Ocracoke was affected by the COVID-19 pandemic as was the rest of the world. Just as the island was beginning to climb out of the devastation wrought by Hurricane Dorian and open up for spring visitors, the pandemic shut down the state.

The island was quiet until mid-May when visitors were again allowed back. Businesses adapted to the new rules of social distancing and mask-wearing.

And although since then the island has seen a crush of visitors through Thanksgiving weekend, typical island events were canceled due to pandemic restrictions.

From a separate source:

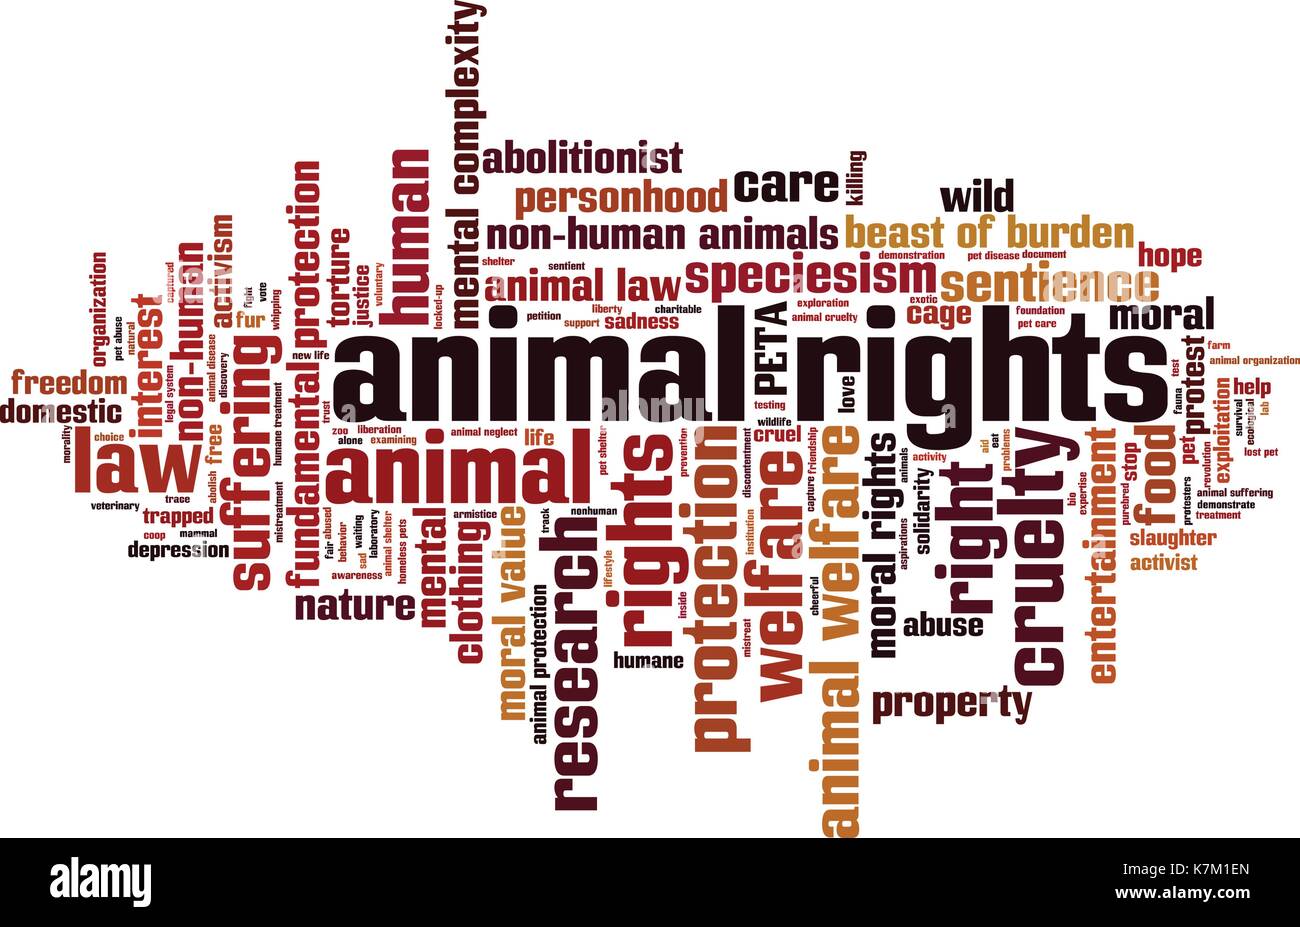 Die Rechte der Tiere Wort cloud Konzept. Vector Illustration Stock Vektor

Among those canceled events are the Ocracoke Invitational Fishing Tournament, the Waterfowl Festival, the OVFD Firemen’s Ball, the Ocrafolk Festival, WOVV Women’s Arm Wrestling, July 4 activities, Blackbeard’s Pirate Jamboree, the Latino Festival and the Oyster Roast. They and we hope many of these events will return this year and will update our Events page as needed.

Nevertheless, Ocracoke carried on in a quieter mode, and we bring you a look back at some of the highlights in photos.

In January 2019, Pat Garber helps rescue sea turtles stunned by cold water. Photo: P. Vankevich

After Hurricane Dorian damage in September 2019, many homes have been or are being raised, and businesses continued to rebuild. Photo: C. Leinbach
Some homes are being rebuilt courtesy of faith-based volunteer groups. Photo: C. Leinbach
The COVID-19 pandemic prompted the state to allow restricted entry to some places, such as Ocracoke. Photo: C. Leinbach
Local businesses, such as the Fish House required customers to mask up before entering. Manager Pattie Plyler awaits customers. Photo: C. Leinbach
Many visitors took advantage of Ocracoke’s vast beaches this summer and fall to socially distance outside. Photo: C. Leinbach
The Ocracoke Fig Festival was held virtually, though souvenirs were sold on the OPS porch. Photo: C. Leinbach
The threat of Hurricane Isaias in August conjured up an unusual name for Ocracoke that begat a flurry of local stickers and T-shirts. Fortunately, Isaias tracked west of the island and Ocracoke was spared.
But Hurricane Teddy in September, though well off to the east in the ocean, brought heavy surf and ocean overwash on spots on N.C. 12. About 20 Ocracoke visitors, including a couple on their honeymoon, were stranded for three days in the Hatteras Ferry terminal parking lot before getting a special ride to the island.
Plein air artists, organized by Joanne Geisel, above, returned to Ocracoke in October and spent a week painting. Photo: C. Leinbach
The Village Thrift shop liquidated all of their merchandise and closed. It’s undetermined if and where they will reopen. Photo: C. Leinbach
After a year of rebuilding, DAJIO reopened on Sept. 3, three days before the anniversary of Hurricane Dorian.
The Ocracoke Interfaith Relief & Recovery Team held a socially distanced fundraising concert at the Berkley Barn in September. Photo: C. Leinbach
The old parts of Ocracoke School were torn down to make way for a new, raised building. Photo: C. Leinbach
The Scallywag 5K/10K/half-marathon was rescheduled to November and then held virtually, although some runners did the course in person and socially distanced. Photo: C. Leinbach
The Holiday Boat Parade on Thanksgiving Friday was a hit. Photo by Helena Stevens
Outgoing Ocracoke county commissioner Tom Pahl, left, and incoming commissioner Randal Mathews, right, pledge a peaceful transition of power.